Sans remettre en cause la bonne foi de très nombreux prêtres qui se mettent concrètement au service des autres, peut-on continuer à dire que le pouvoir sacerdotal est un service, alors qu’il est un pouvoir ? Devoir vivre la contradiction du service et du pouvoir est une situation culpabilisante, difficile à tenir, voire aliénante. Sous les habits du service, le pouvoir avance parfois masqué : « Il ne faut cesser de se souvenir que la ruse suprême de l’autorité est d’invoquer les grands principes, le respect de la loi, le dévouement, le service, afin d’occulter consciemment ou non ses errements et ses défaillances.
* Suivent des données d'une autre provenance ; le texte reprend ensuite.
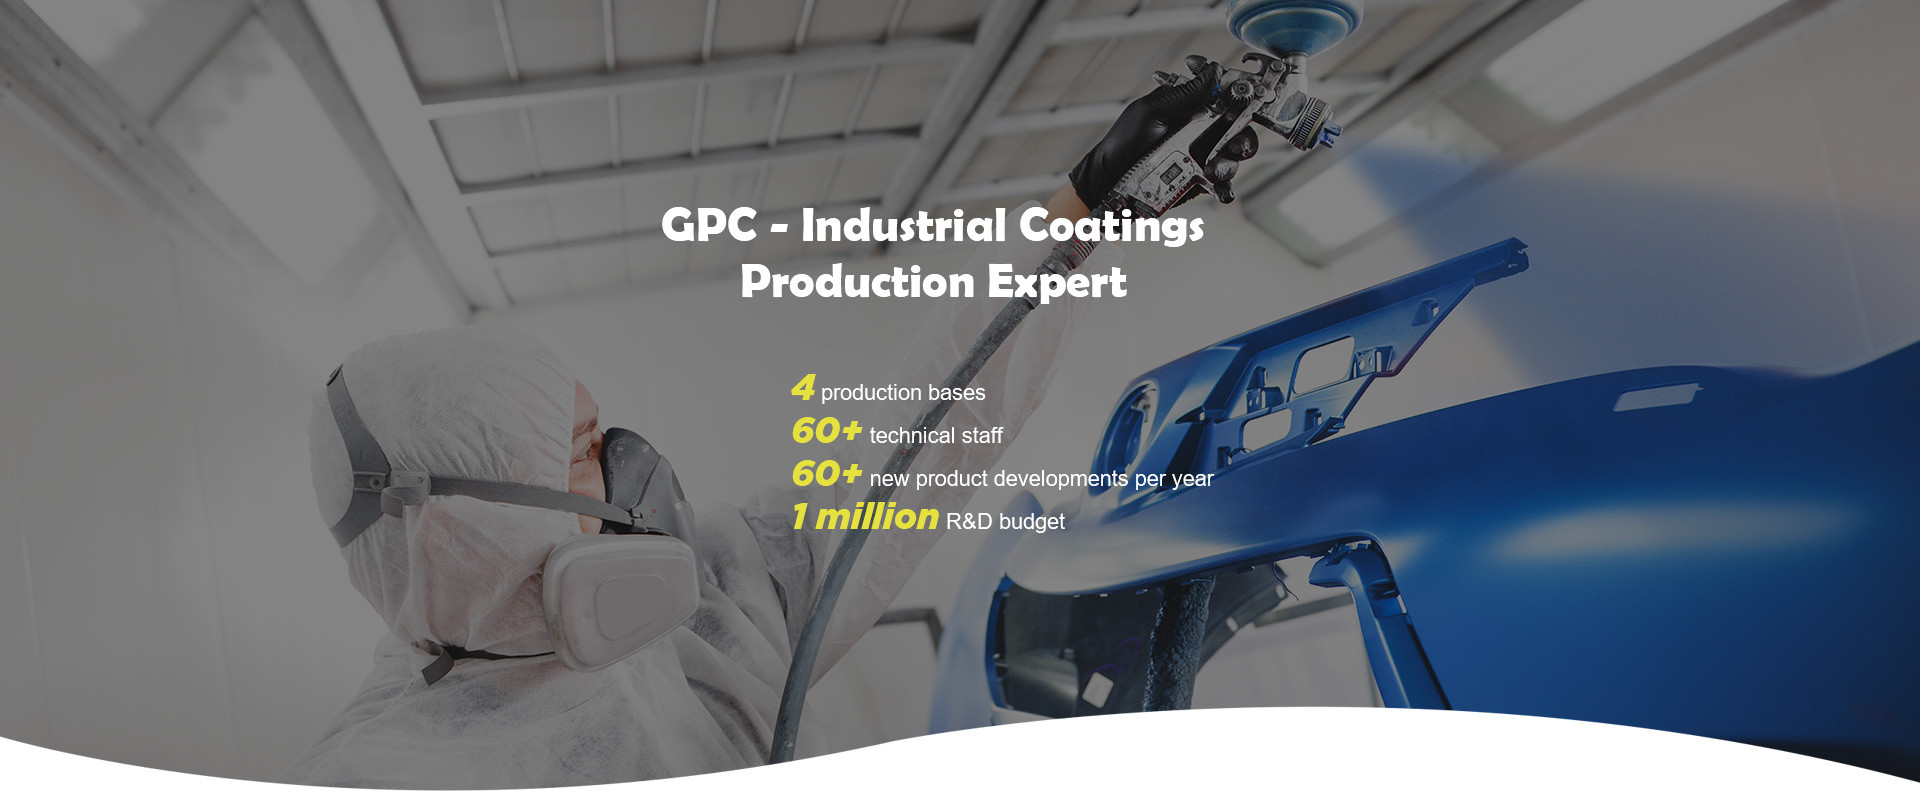 GPC - Industrial Coatings Production Expert

Jean Giraudoux faisait remarquer non sans vérité : « Servir ! c’est la devise ce ceux qui aiment commander1”. » (C. Duquoc, Consentement et dissentiment, Lumière et vie, n° 229, septembre 1996, p 6).

Jean-Paul II a écrit une lettre à ses prêtres chaque jeudi saint de son pontificat : par conséquent, cette fête qui commémore la Cène et le lavement des pieds, un geste de service par excellence, est devenue de facto celle des prêtres et de l’institution du sacerdoce.

Maud Amandier et Alice Chablis, Le Déni, Bayard, 2014, 371 p. 18 €

 

1C. Duquoc, Consentement et dissentiment, Lumière et vie, n° 229, septembre 1996, p 6.